You do get the chance to ask about The Institute near the end of the game. But all the answers, like your own alien dialogue, boil down to one statement: It’s too complicated to explain. From there you can either join The Institute and aid its murder spree (still without any answers to why you should care). Or you can nuke it. Either way, you need to grind more fetch quests to make folks like you enough before the final mission unlocks. It’s an inexplicable slog.
Mods do a lot of heavy lifting, of course. I built myself a jetpack and recruited a sharply dressed ghoul (the goopy, irradiated immortals of Fallout lore) as a new companion with fantastic, entirely fan-performed voice acting. I added dozens of new monsters and weapons to fight them.

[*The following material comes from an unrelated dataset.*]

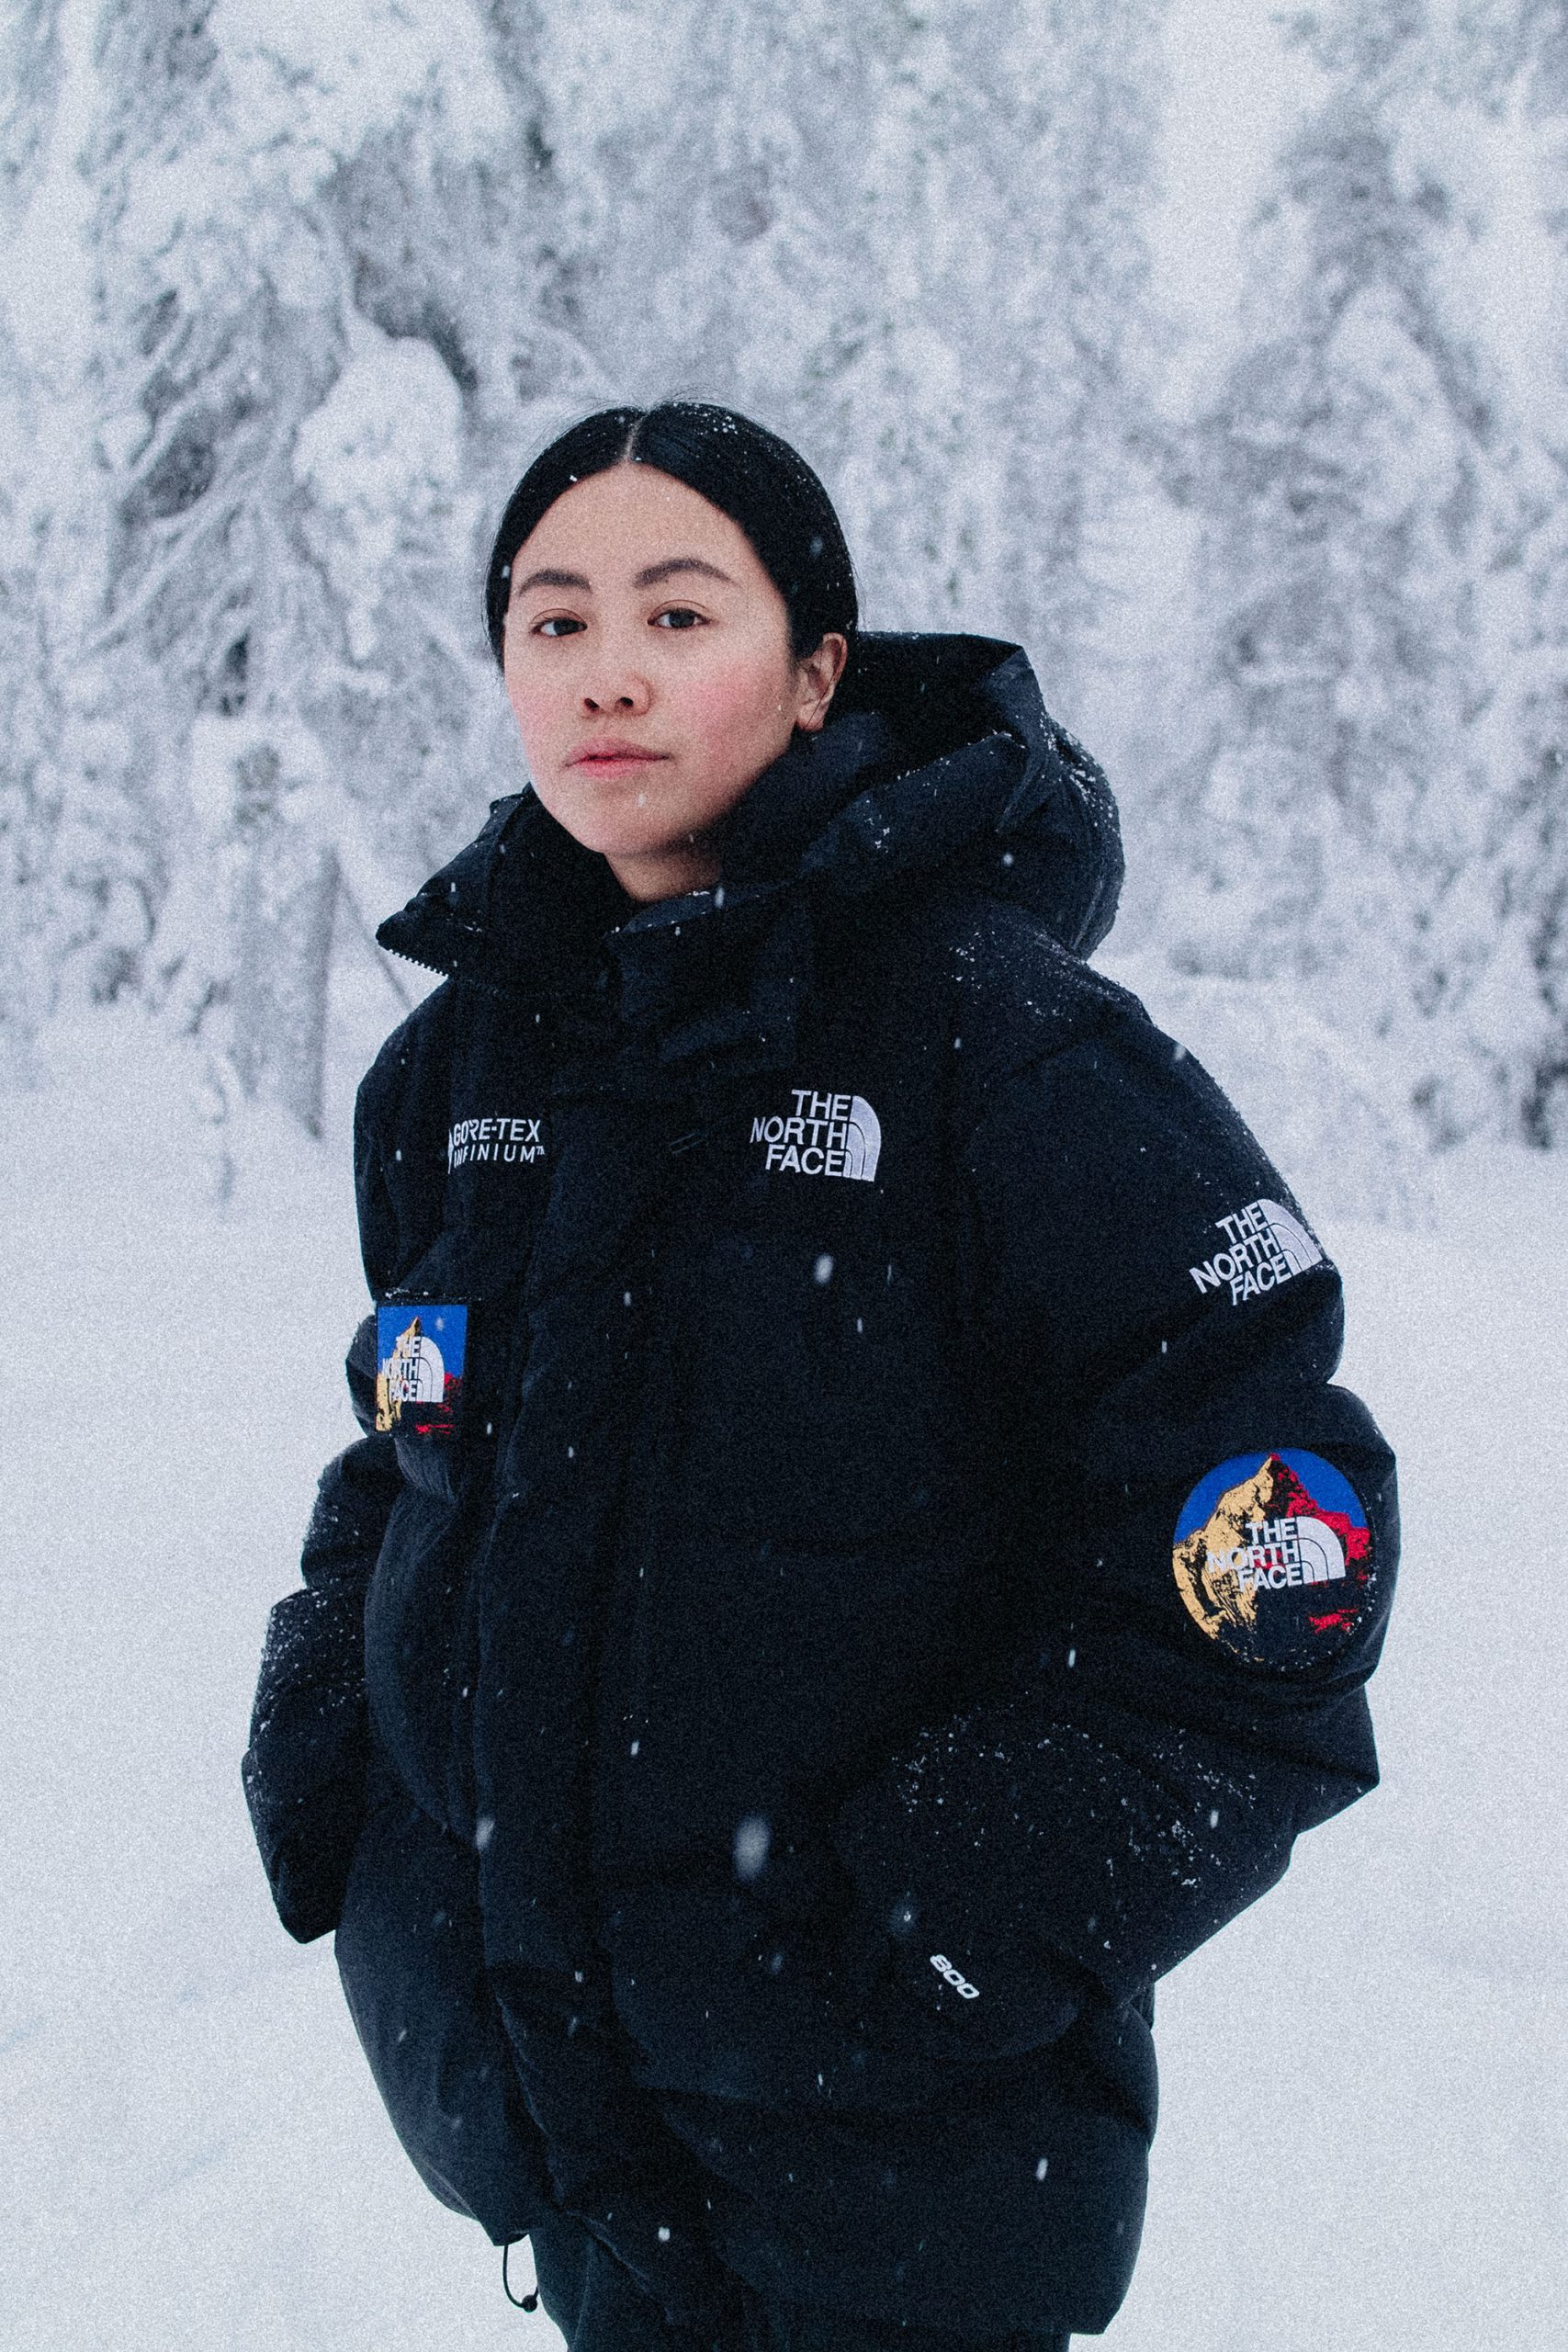 The North Face Seven Summit Collection / Lappi Travel Vlog & Quick Guide To Lappland, Finland by iHeartAlice.com - Travel, Lifestyle, Food & Fashionblog by Alice M. Huynh

Bethesda clearly agrees that mods are a huge part of these games. To the point that the line between paid content and fan content gets… blurry at times. In the same way the modding community increasingly influences how these games are made, I wonder if the fact that nobody bothers beating Bethesda titles has begun to influence their stories — or lack thereof.
Particularly now, in 2021, Fallout 4 feels like a skeleton of a game that mods were meant to flesh out. That or a proof of concept for the much more maligned Fallout 76. Base-building, loot harvesting, repeatable quests: they all feel more at home in a multiplayer game than a single-player story that seems comparatively disinterested in telling a story at all. If you’ve got the patience and the interest, seeing what the fans have made is worth the effort. Just know that this ashen sandbox is entirely about the journey and not the destination.